Selon de récents sondages portant sur Roe c. Wade, une majorité d’Américains est en faveur du droit à l’avortement. Même si seulement 29% l’approuvent dans toutes les circonstances, environ 50% des gens souhaitent qu’il demeure légal, mais avec certaines limitations.

Cependant, les lobbys anti-choix sont très actifs et visibles sur la scène nationale et dans les États. Ils ont beaucoup d’expérience dans l’élaboration de projets de lois, qu’ils soumettent directement aux élus. On les voit aussi chaque année en janvier lors de la marche pour la vie à Washington. Ça donne l’impression d’un activisme très important, mais ça ne représente pas nécessairement l’opinion publique.
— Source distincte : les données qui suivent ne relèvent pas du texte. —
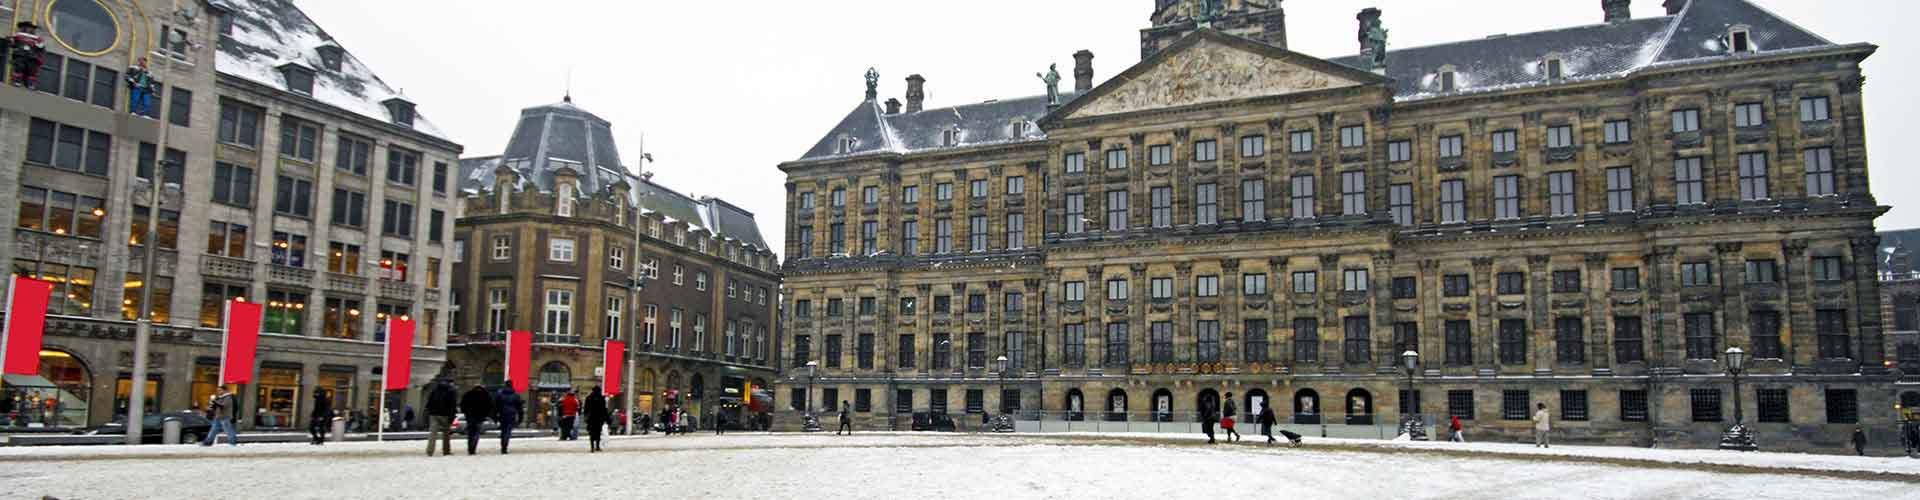 Amsterdam - Appartements près de Palais Royal. Cartes pour Amsterdam, photos et commentaires pour chaque appartement à Amsterdam.
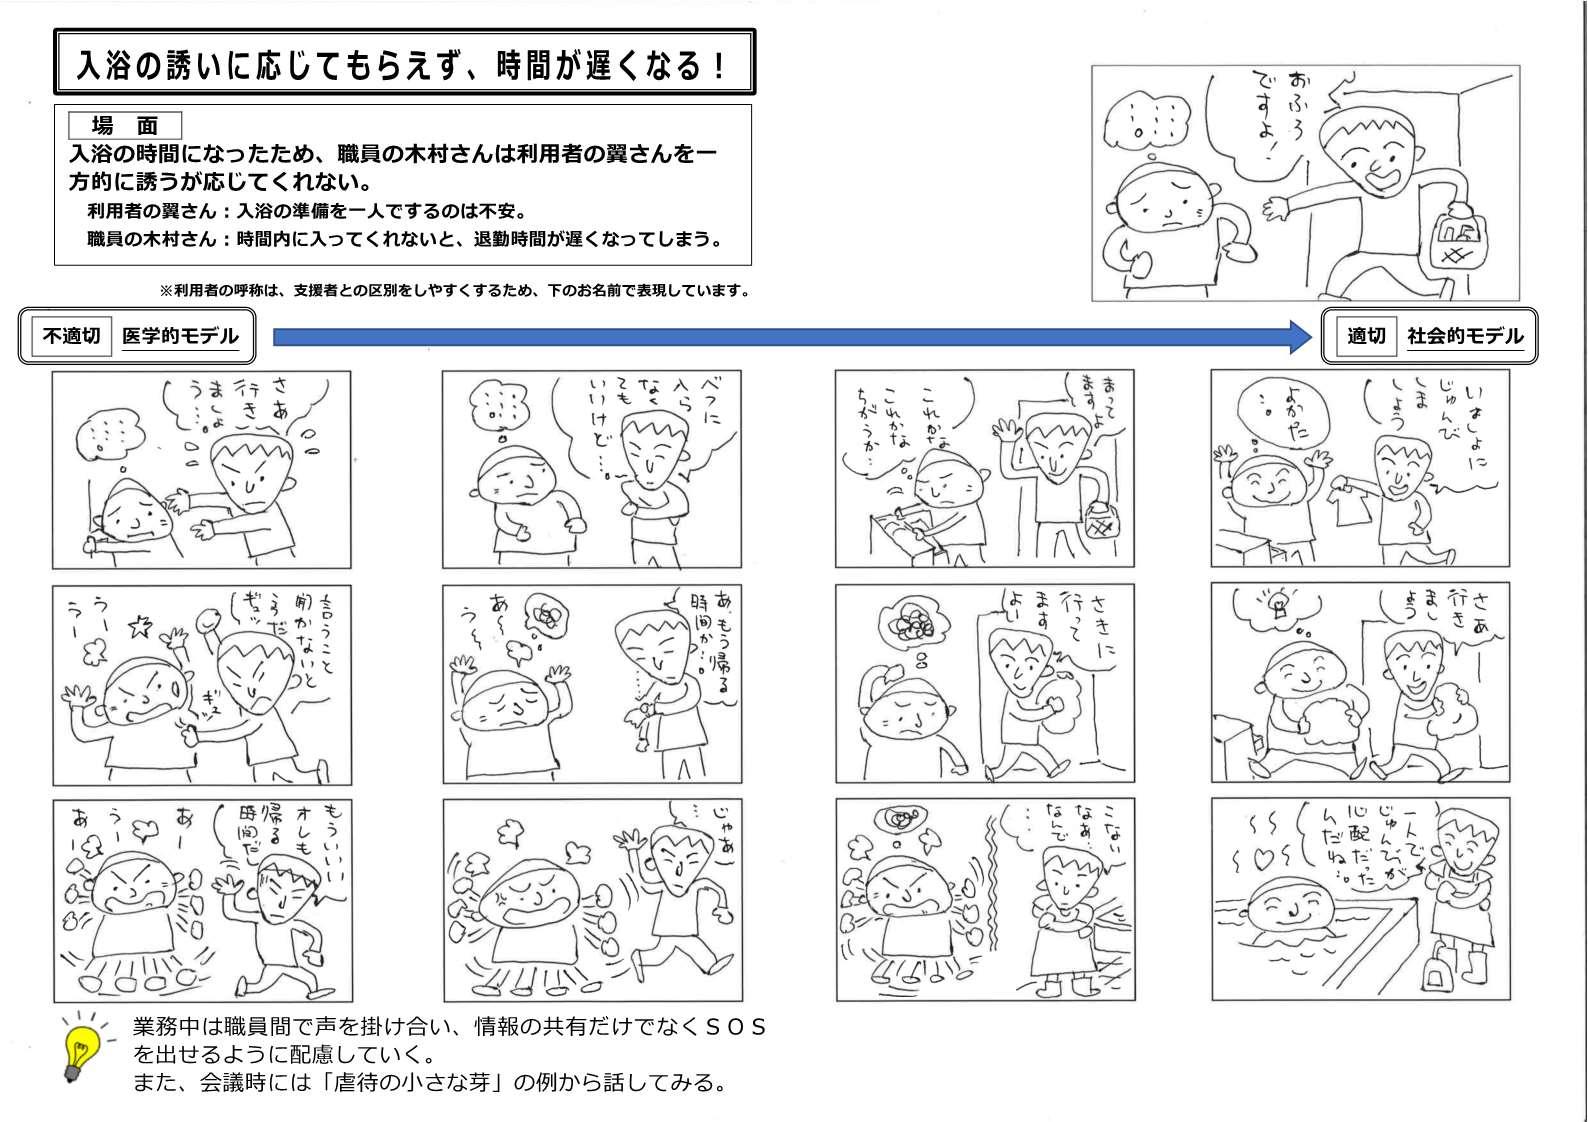 07絵コンテ(入浴の~)

Les lignes de parti, elles, sont très marquées. Plus de 80% des démocrates sont en faveur du maintien de Roe c. Wade, alors que c’est le cas de seulement 43% des républicains.

Le président ne donne pas l’impression de partager les valeurs des fondamentalistes religieux de son parti. Cherche-t-il vraiment à rendre l’avortement illégal?

Donald Trump a mis beaucoup de temps pendant la campagne électorale avant de dire s’il allait nommer des juges qui s’opposent à Roe c. Wade. Il a finalement dit qu’il le ferait au dernier débat présidentiel. C’est ce qu’il a fait avec Neil Gorsuch, sa première nomination. On en saura bientôt plus sur la position précise de Kavanaugh.

Mais Trump n’est pas seul et, sur cette question, il faut tourner notre regard vers Mike Pence, le vice-président. Conservateur religieux, il a signé des lois très restrictives pour l’accès à l’avortement lors de son passage comme gouverneur de l’Indiana. Il est très actif sur cette question et s’est même présenté aux marches pour la vie pendant les deux premières années du mandat de Trump. Si le pouvoir de nommer les juges reste une prérogative présidentielle, l’influence de Pence se fait sentir.

Et puis, on parle beaucoup des nominations à la Cour suprême, mais il ne faut pas oublier que Trump nomme également les juges aux cours fédérales d’appel et de district. En nommant des juges conservateurs et anti-choix à ces cours, il permet à plus de causes de se rendre à la Cour suprême et d’éroder le droit à l’avortement. Mais tant que la Cour suprême ne revient pas elle-même sur Roe v. Wade, l’arrêt restera en place.